## [WHAT YOU NEED TO DO]
Only the text belongs in the copy. Transcribe the data exactly and drop any pictures.

## [RECORDED INFORMATION]
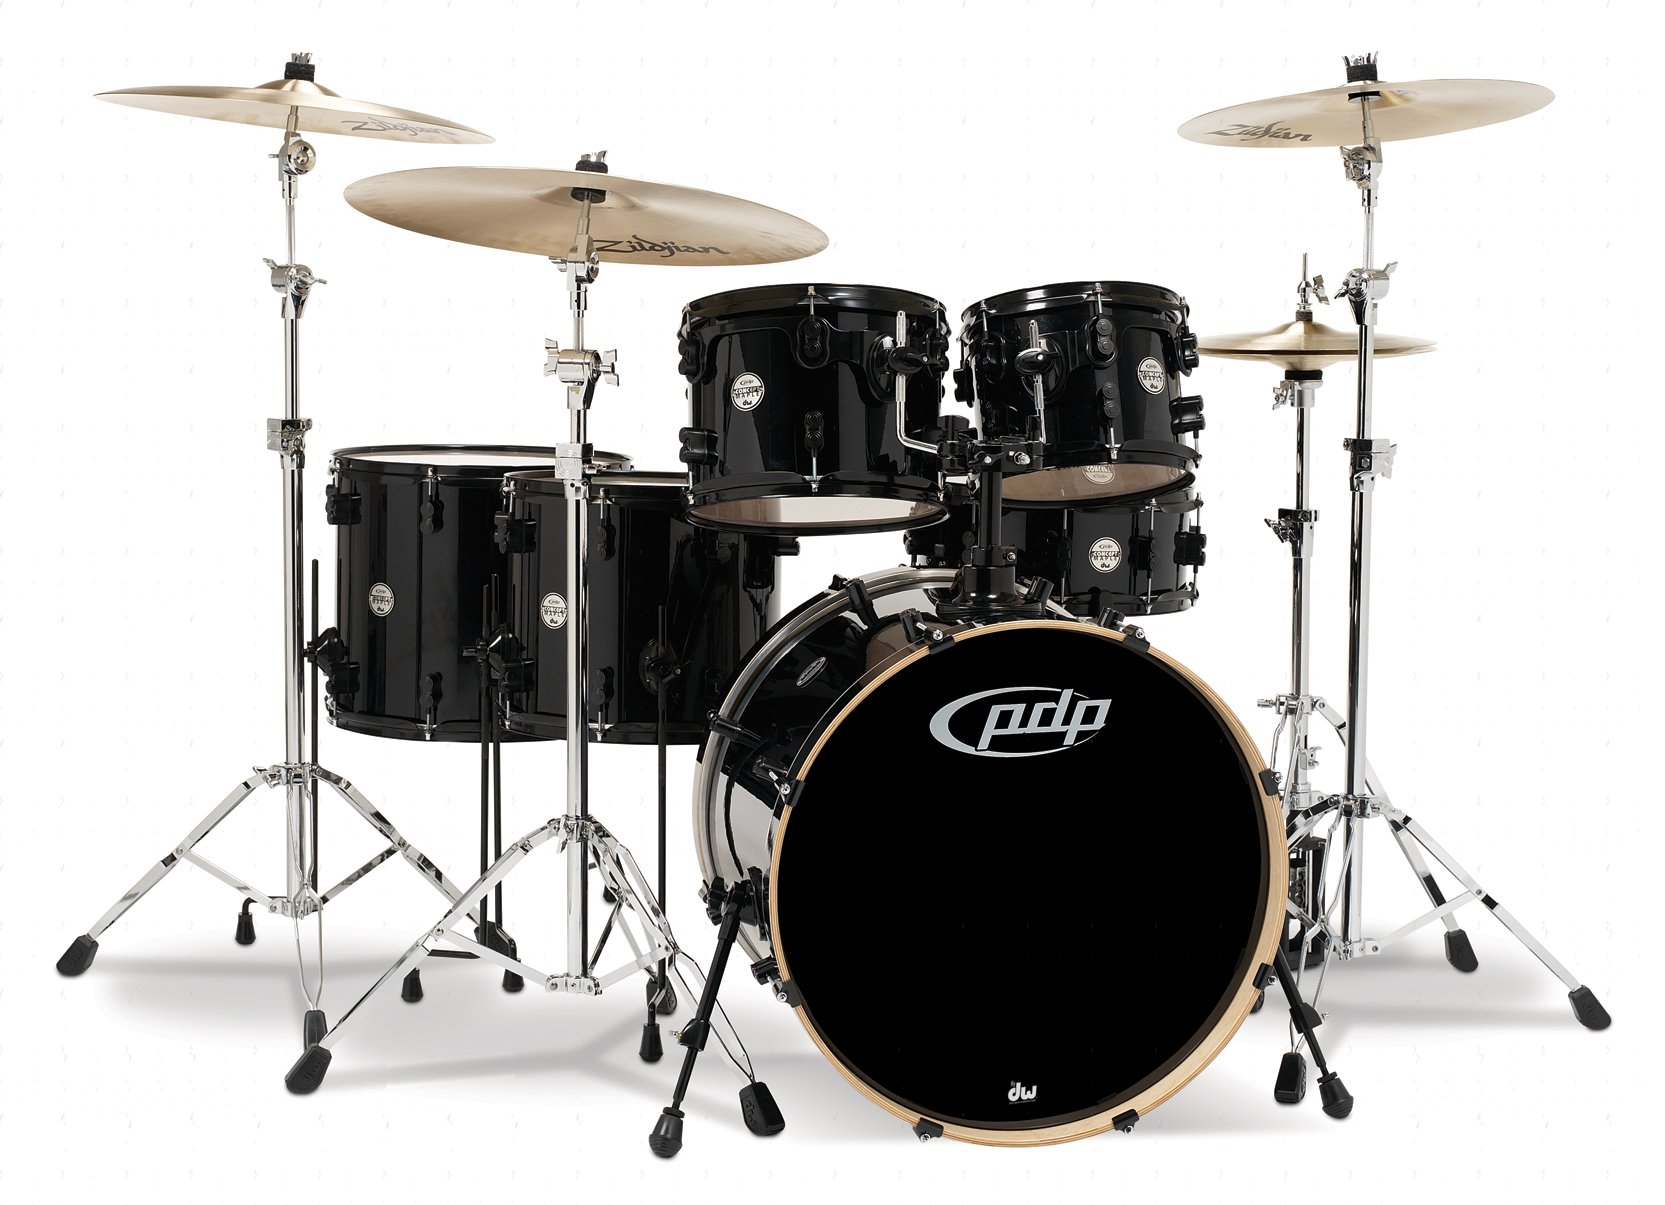 Pacific Drums PDCM2216PB Concept Series 6-Piece Drum Set - Pearlescent Black
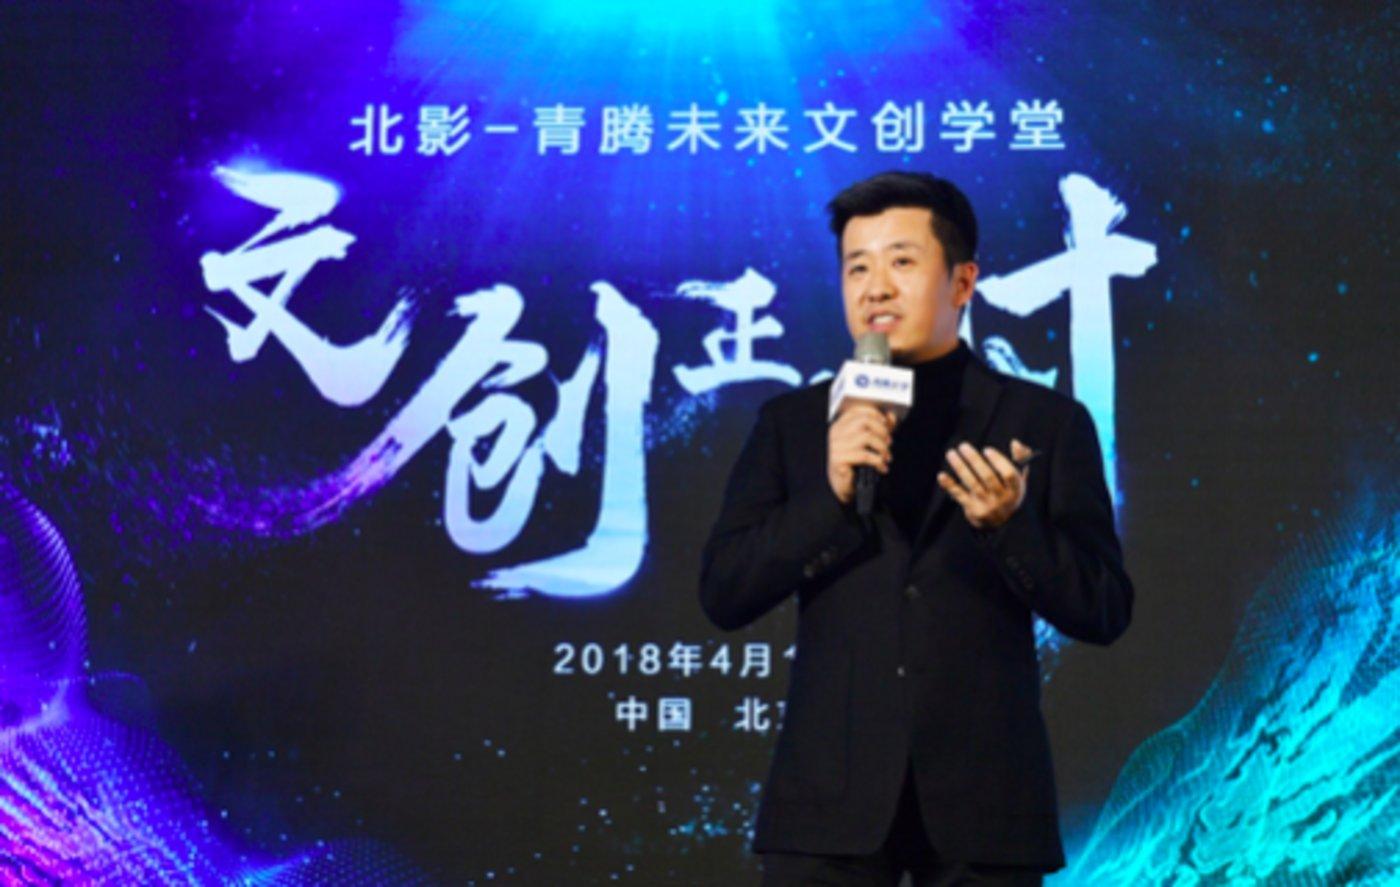 腾讯副总裁林松涛
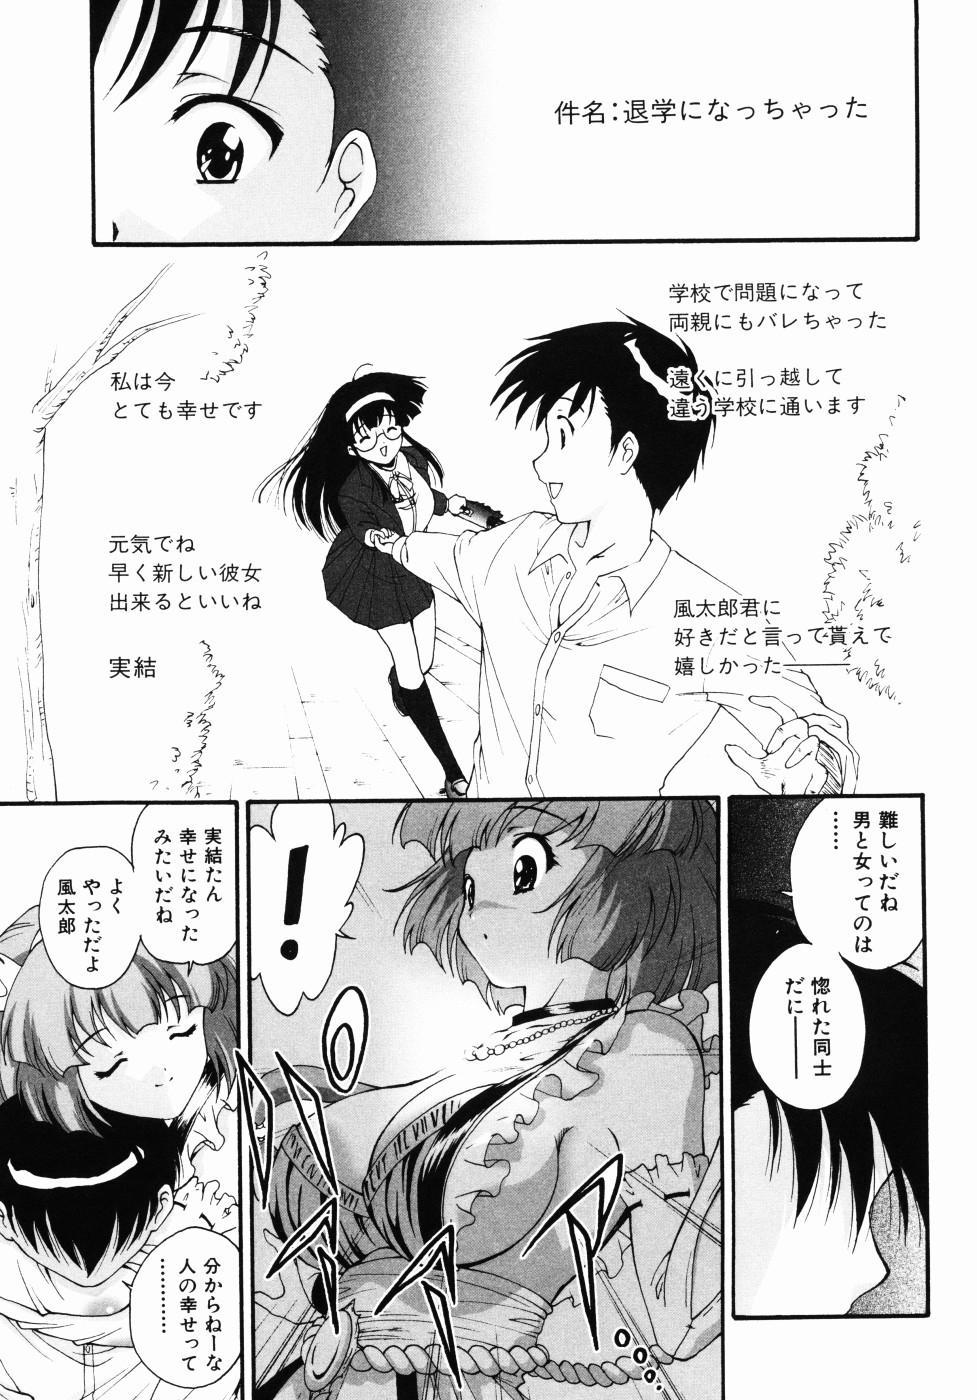 Daikyou Megami 53
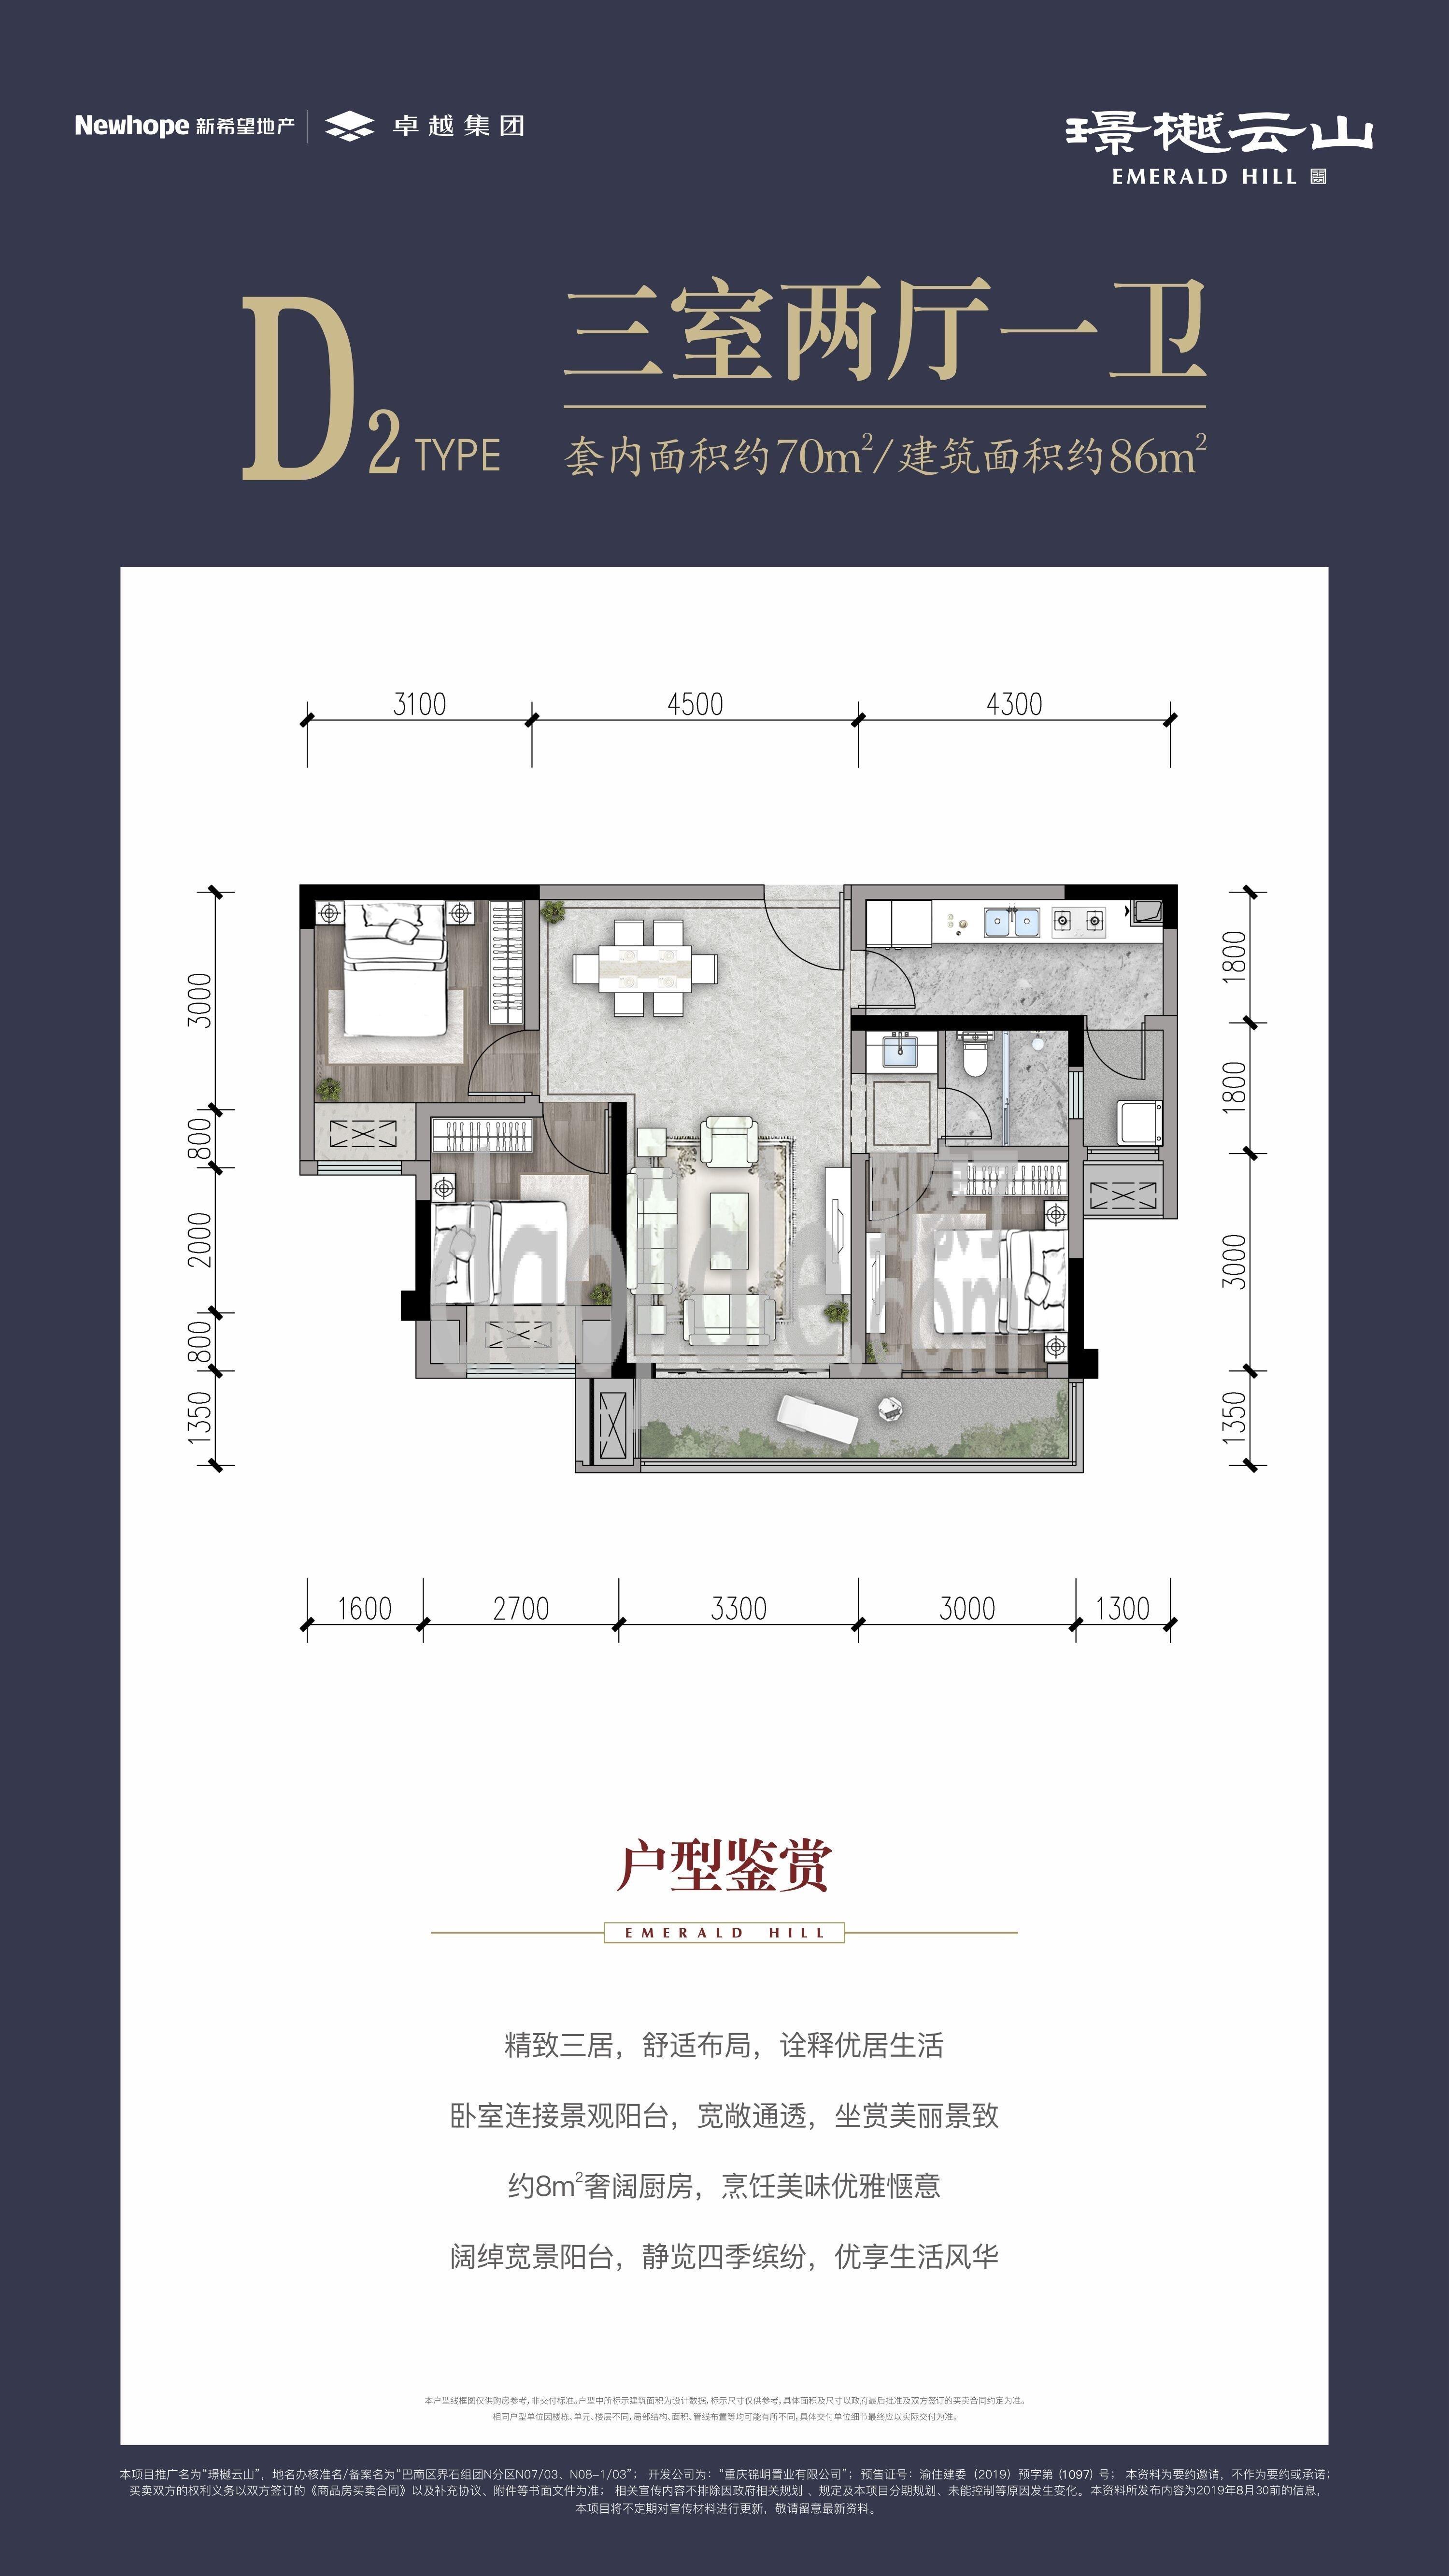 南岸区茶园新区璟樾云山新房D2户型图

## [ANSWER BELOW]
 Pacific Drums PDCM2216PB Concept Series 6-Piece Drum Set - Pearlescent Black
 腾讯副总裁林松涛
 Daikyou Megami 53
 南岸区茶园新区璟樾云山新房D2户型图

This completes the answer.